I guess the possibility of it happening that quickly is very possible. I mean, people who are allergic to fish,peanuts, etc. have adverse reactions immediately, so her reaction is not that unusual. I would give her mega doses of benedryl. until it's out of her system.


----------



## chowder (Sep 7, 2008)

Chelsy is severely allergic to salmon and most other fish. Her skin will turn bright red (Flaming Red!!) and she will itch horribly. She also gets terrible diarrhea from it but that's secondary. I have found that she can have canned sardines and tuna but those are the only fish she can have. She can't even have any dog treats or kibble with any form of fish in it. 

So, it could be the fish that your dog is allergic to. It's not unheard of at all.


----------



## whiteleo (Sep 7, 2008)

If you are giving her fish oil daily, what are the ingredients in it? If she has been fine with the t-shirt on and then got the red tummy/itch when you took it off doesn't necessarily mean she is allergic to fish, it could be a coincidental. If the fish oil has mackerel in it than I would say no.


----------



## lily (May 16, 2011)

she still scratches with the tshirt on i put it on her to help prevent any secondary infection,her itching is not as it was,1 day hardly any the next quite a lot,i have been giving her omega 3 up until last friday so i would imagine there to be a lot yet in her system,all i know is that when i fed her the mackeral her scratching went off the scale,and as she only started scratching when i fed her a fish based kibble i think the fish makes sense,im thinking that it could take some time for it all to be free from her system,karen


----------



## whiteleo (Sep 7, 2008)

Then definitely take her off all fish and the omega fish oil capsule, she'll have to get her omegas from grass fed red meat. Good Luck and keep us posted.


----------



## chowder (Sep 7, 2008)

I kept Chelsy off all fish until she was completely better. Then I tried her on a tiny tiny piece of canned tuna to see if she did okay. We finally worked our way up to canned tuna and canned sardines and that is all she gets. I figure that is plenty for her once a week.


----------



## magicre (Apr 7, 2010)

when bubba started losing his hair, i had read that someone else had the problem and it turned out to be the salmon oil...(pure)....so we stopped giving salmon oil and lo and behold his hair is starting to grow back....

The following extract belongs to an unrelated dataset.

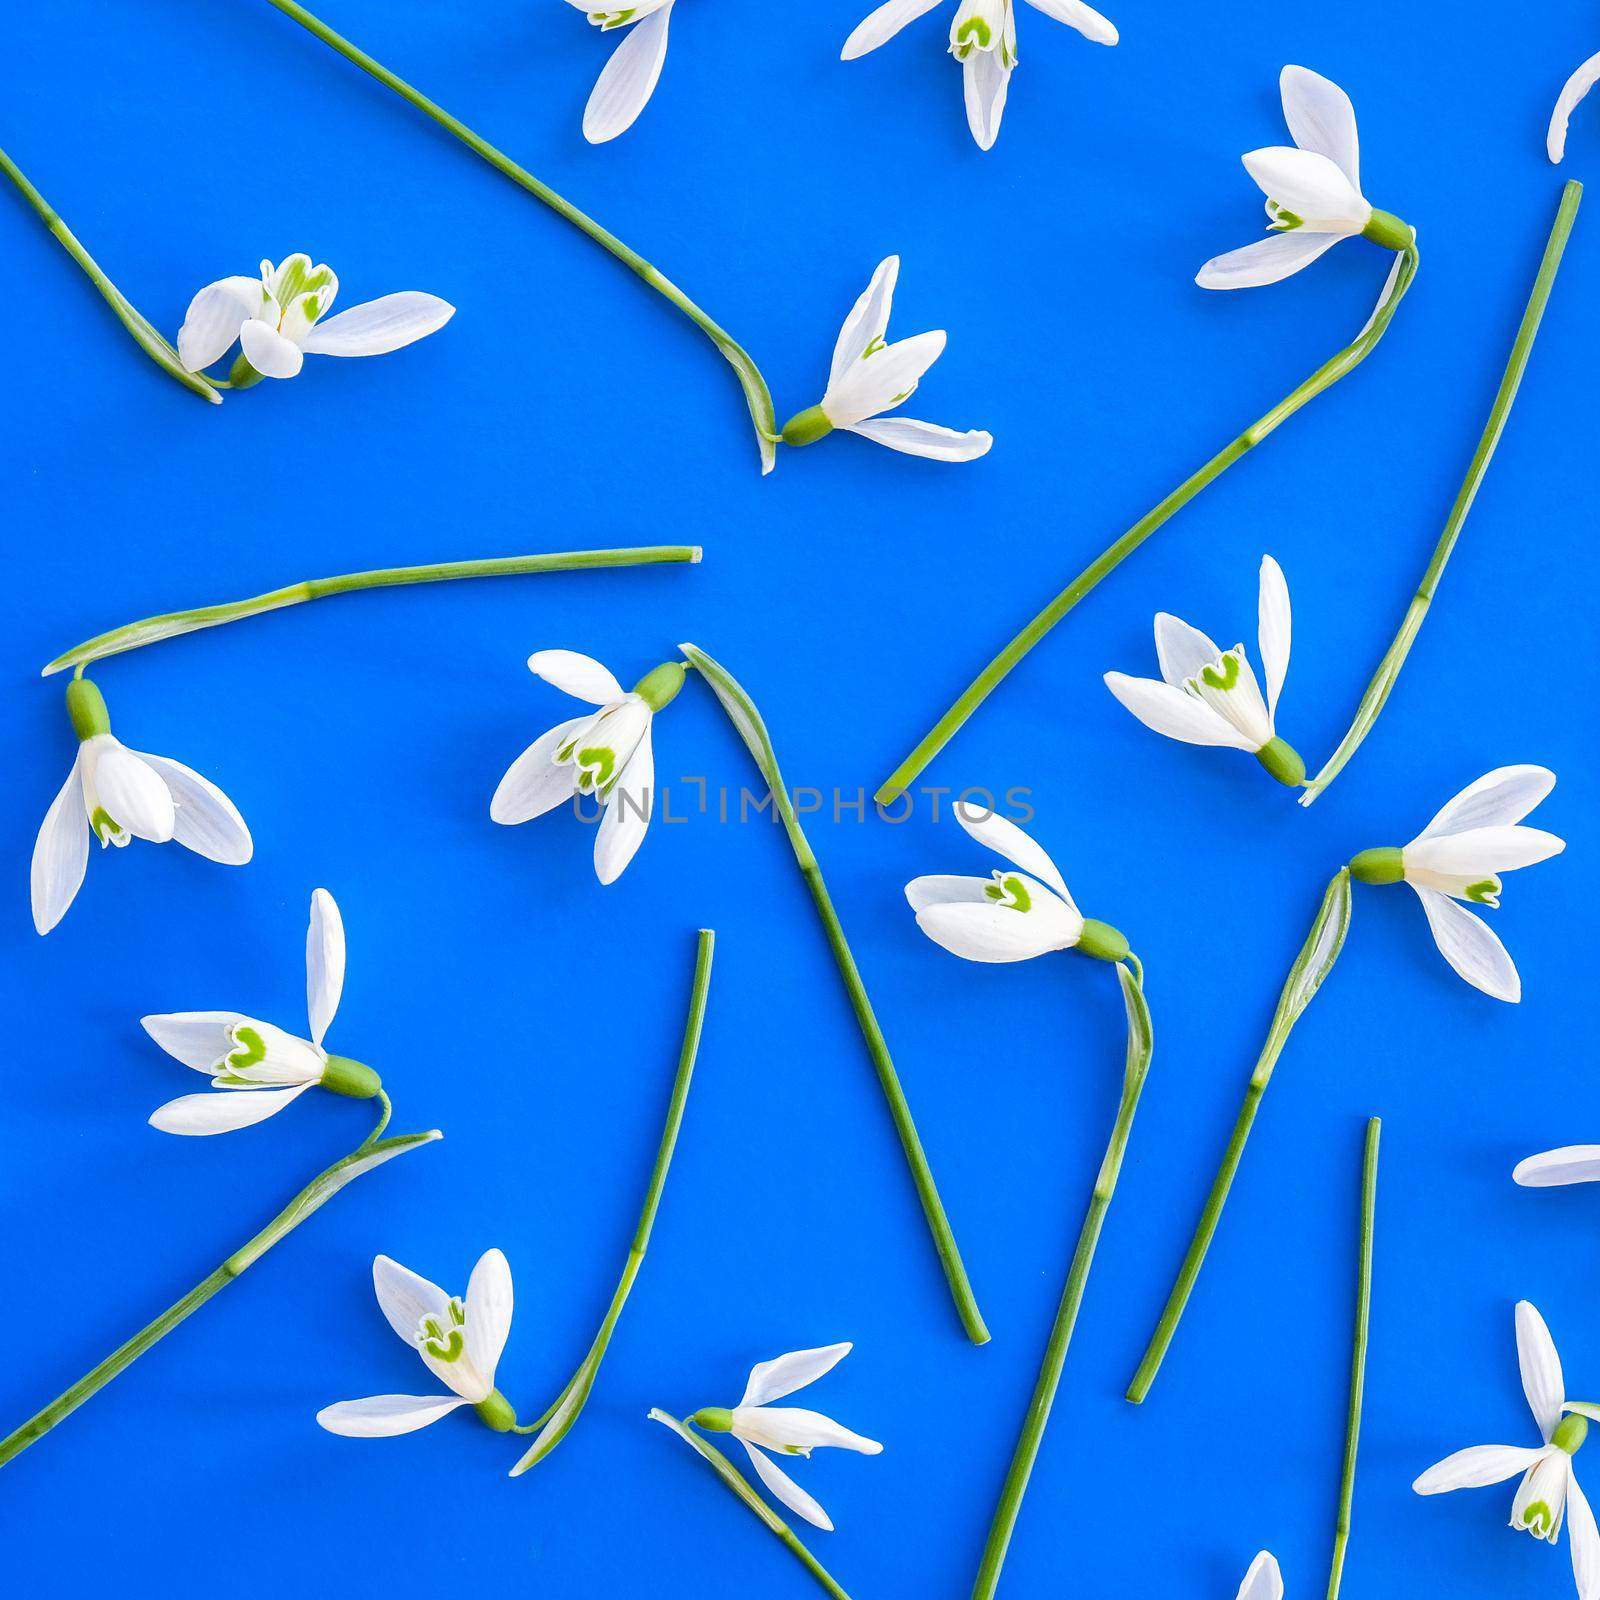 Snowdrop flower arranged on a blue background. Spring concept minimal pattern. Flat lay frame. by anna_stasiia

there were a number of other changes we made..and it's all, as my grandmother used to say...by hook or by crook, these elimination things....

mackerel, whilst one of the lower mercury fish....is not as good as let's say, sardines and anchovies....so maybe stop the mackerel for now and see what happens with her tee shirt on.....

because you have the carpets and she allergic to probably mites in the carpet and i'm sure something environmental that we don't know about...i think you have done great.....so as soon as she starts making her self bloody, that, to me, is a signal to stop...

we just bought anchovy/sardine spray for our dogs....two pumps per day.....most likely we won't go back to salmon oil as the source for omega 3.


----------



## lily (May 16, 2011)

chowder how long did it take for it to come out of her system? when shes finally clear fingers crossed i will try her with some sort of fish spray just to see thanks magicre,she has a lot of ox heart ,liver and kidney at the moment ,she hasnt had chicken for almost 4 weeks ,im wondering wether to re-introduce the chicken as she enjoys that protein and the chicken backs best of all,karen


----------



## magicre (Apr 7, 2010)

lily said:


> chowder how long did it take for it to come out of her system? when shes finally clear fingers crossed i will try her with some sort of fish spray just to see thanks magicre,she has a lot of ox heart ,liver and kidney at the moment ,she hasnt had chicken for almost 4 weeks ,im wondering wether to re-introduce the chicken as she enjoys that protein and the chicken backs best of all,karen


make sure you get a good spray or gelcap that you can puncture. you don't want any soy in it....

the one we got was iceland pure, but only because i'm staying away from salmon oils and i'm going to anchovy and sardine oil.....i'm not convinced that salmon oil didn't play a part in bubba losing his hair...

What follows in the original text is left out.